2. The pixel as claimed in claim 1, further comprising:

a third transistor coupled between the first node and a first power supply and turned off when the emission control signal is supplied; and

a storage capacitor coupled between the second node and the first power supply.

3. The pixel as claimed in claim 2, the capacitor being set to have a lower capacity than the storage capacitor.

4. The pixel as claimed in claim 1, further comprising:

a fourth transistor coupled between the first node and a data line, and turned on when a scan signal is supplied to a current scan line;

a fifth transistor coupled between the second electrode of the first transistor and the second node, and turned on when the scan signal is supplied to the current scan line; and

a sixth transistor coupled between the second node and an initial power supply, and turned on when a scan signal is supplied to a previous scan line.

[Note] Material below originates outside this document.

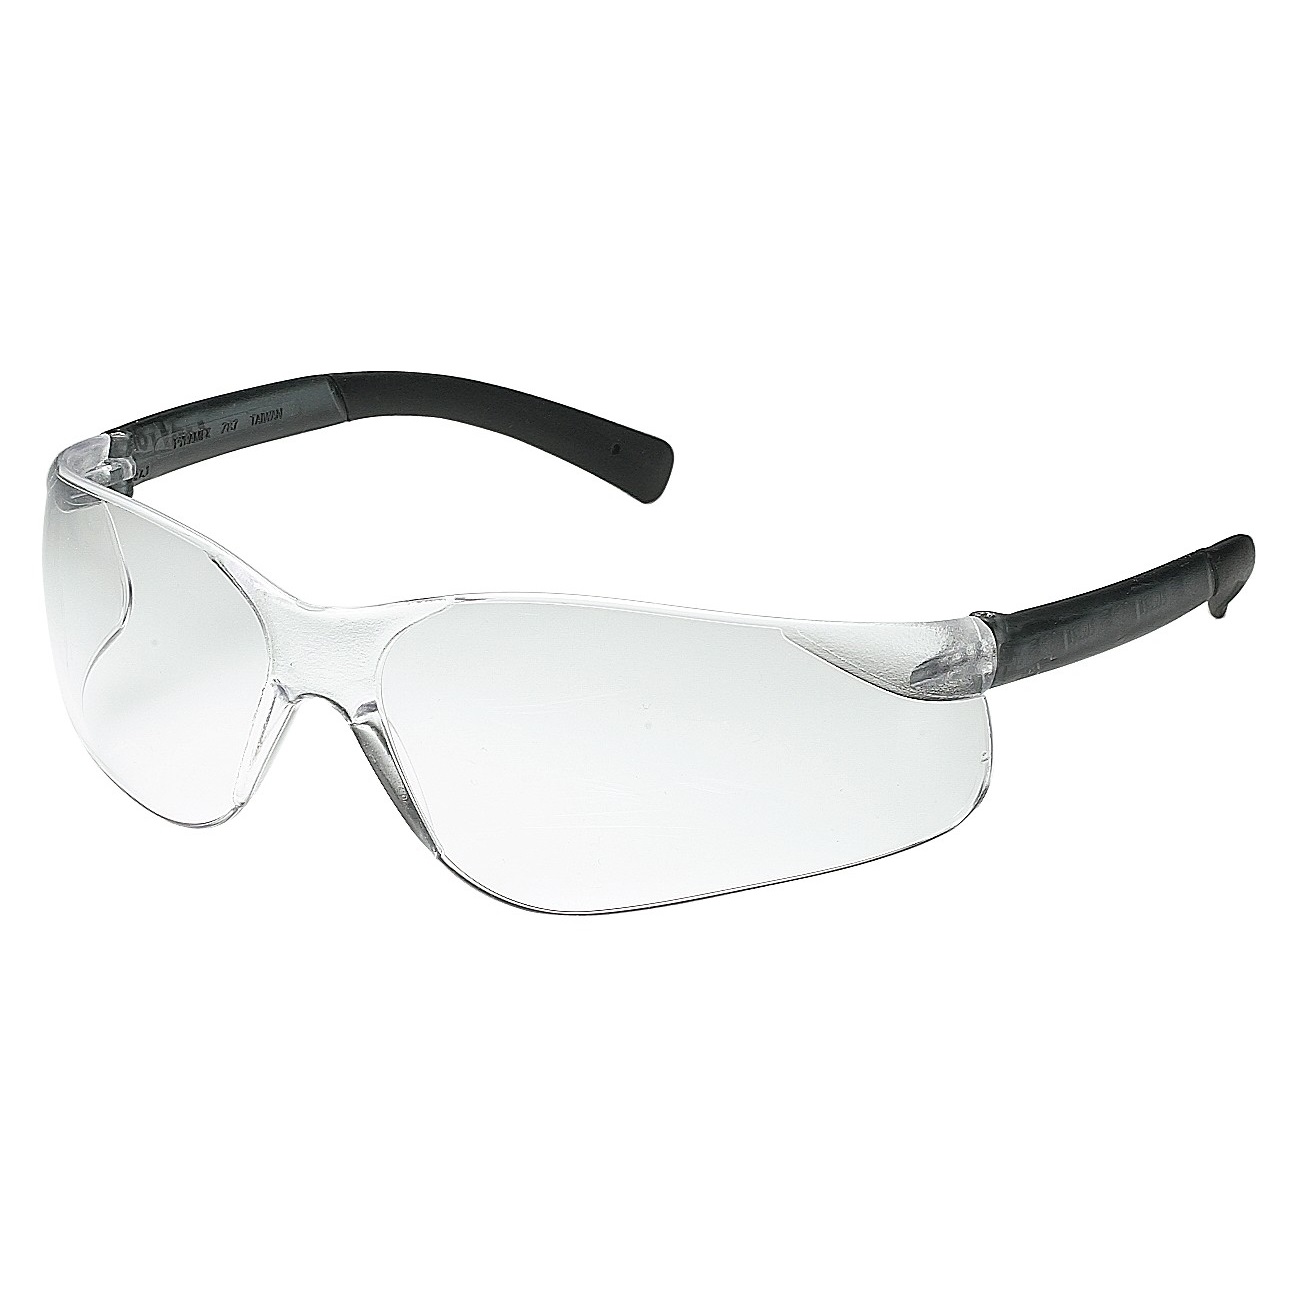 Galeton Sportster Safety Glasses with Fog Free Clear Lens

5. An organic light emitting display, comprising:

a scan driver for supplying scan signals to scan lines and for supplying emission control signals to emission control lines;

a data driver for supplying data signals to data lines; and

pixels positioned at intersections of the scan lines and the data lines;

each of the pixels positioned in an ith (i is a natural number) horizontal line comprising:

an OLED;

a second transistor coupled between the second electrode of the first transistor and the OLED, and turned off when an emission control signal is supplied to an ith emission control line; and

a capacitor coupled between the second electrode of the first transistor and the ith emission control line.

6. The organic light emitting display as claimed in claim 5, each of the pixels comprising:

a third transistor coupled between the first node and a first power supply and turned off when the emission control signal is supplied to the ith emission control line; and

a storage capacitor coupled between the second node and the first power supply.

7. The organic light emitting display as claimed in claim 6, the capacitor being set to have a lower capacity than the storage capacitor.

8. The organic light emitting display as claimed in claim 5, each of the pixels comprising:

a fifth transistor coupled between a second electrode of the first transistor and the second node, and turned on when the scan signal is supplied to the current scan line; and

a sixth transistor coupled between the second node and an initial power supply and turned on when a scan signal is supplied to a previous scan line.

9. The organic light emitting display as claimed in claim 8, the current scan line being an ith scan line and the previous scan line being an (i−1)th scan line.

10. The organic light emitting display as claimed in claim 8, the scan driver supplying an emission control signal to the ith emission control line so as to overlap the scan signals supplied to the current scan line and the previous scan line.